Topic: GS Paper – GS 3 : Science & Technology, Artificial Intelligence, Digital Economy, Innovation and Investment

Context

The artificial intelligence (AI) industry has reached an inflection point. After years of massive capital flows into foundational infrastructure — data centres, chips, cloud compute and large language models — the central question is no longer whether AI works, but whether it can generate sustainable profits.

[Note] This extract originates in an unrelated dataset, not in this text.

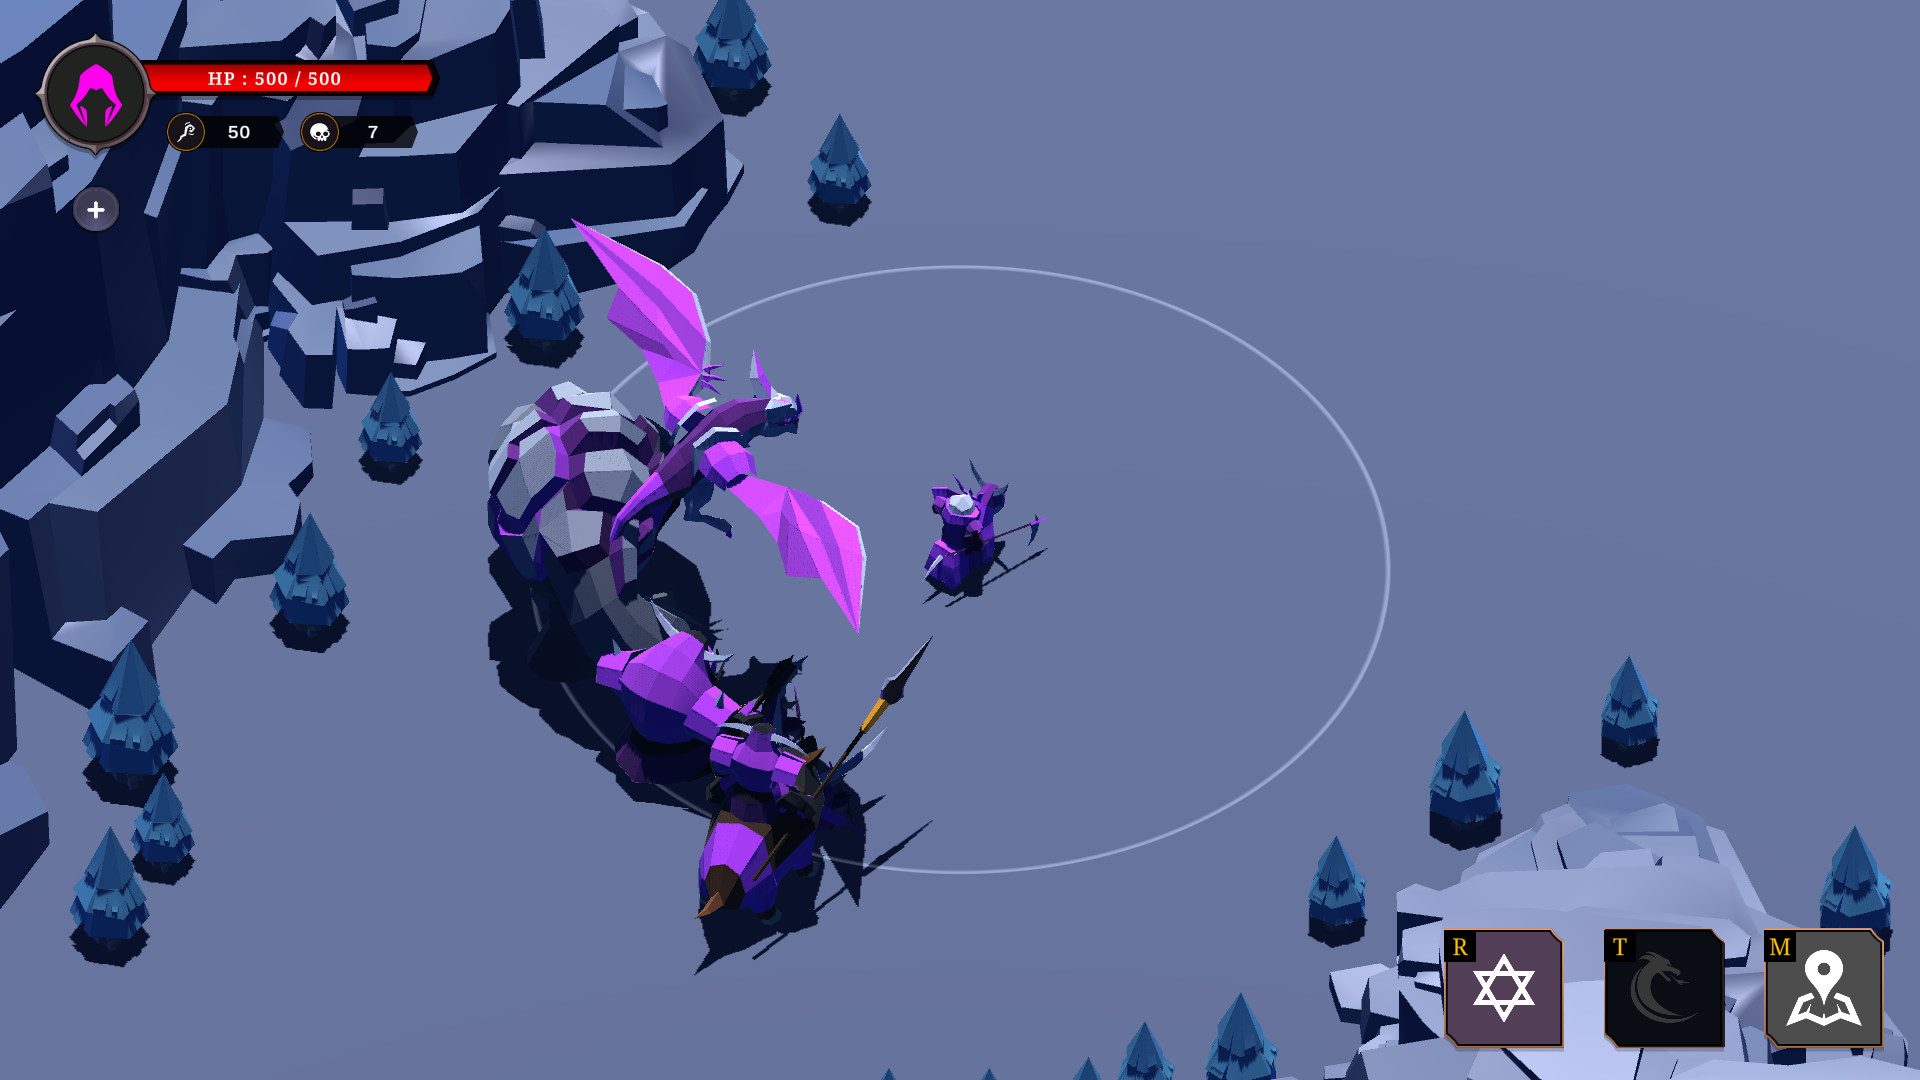 Necromancer : Winter screenshot

The emerging answer is clear: the next phase of value creation in AI will be driven not by infrastructure or training larger models, but by concrete, revenue-generating applications.

AI infrastructure versus AI applications

In 2025 alone, companies globally spent nearly $320 billion on AI infrastructure, yet most foundational model firms continue to post thin or negative margins. High inference costs, intense competition, and pricing pressure have constrained profitability. Even firms reporting strong revenues remain loss-making, relying on venture capital and corporate financing rather than operating income.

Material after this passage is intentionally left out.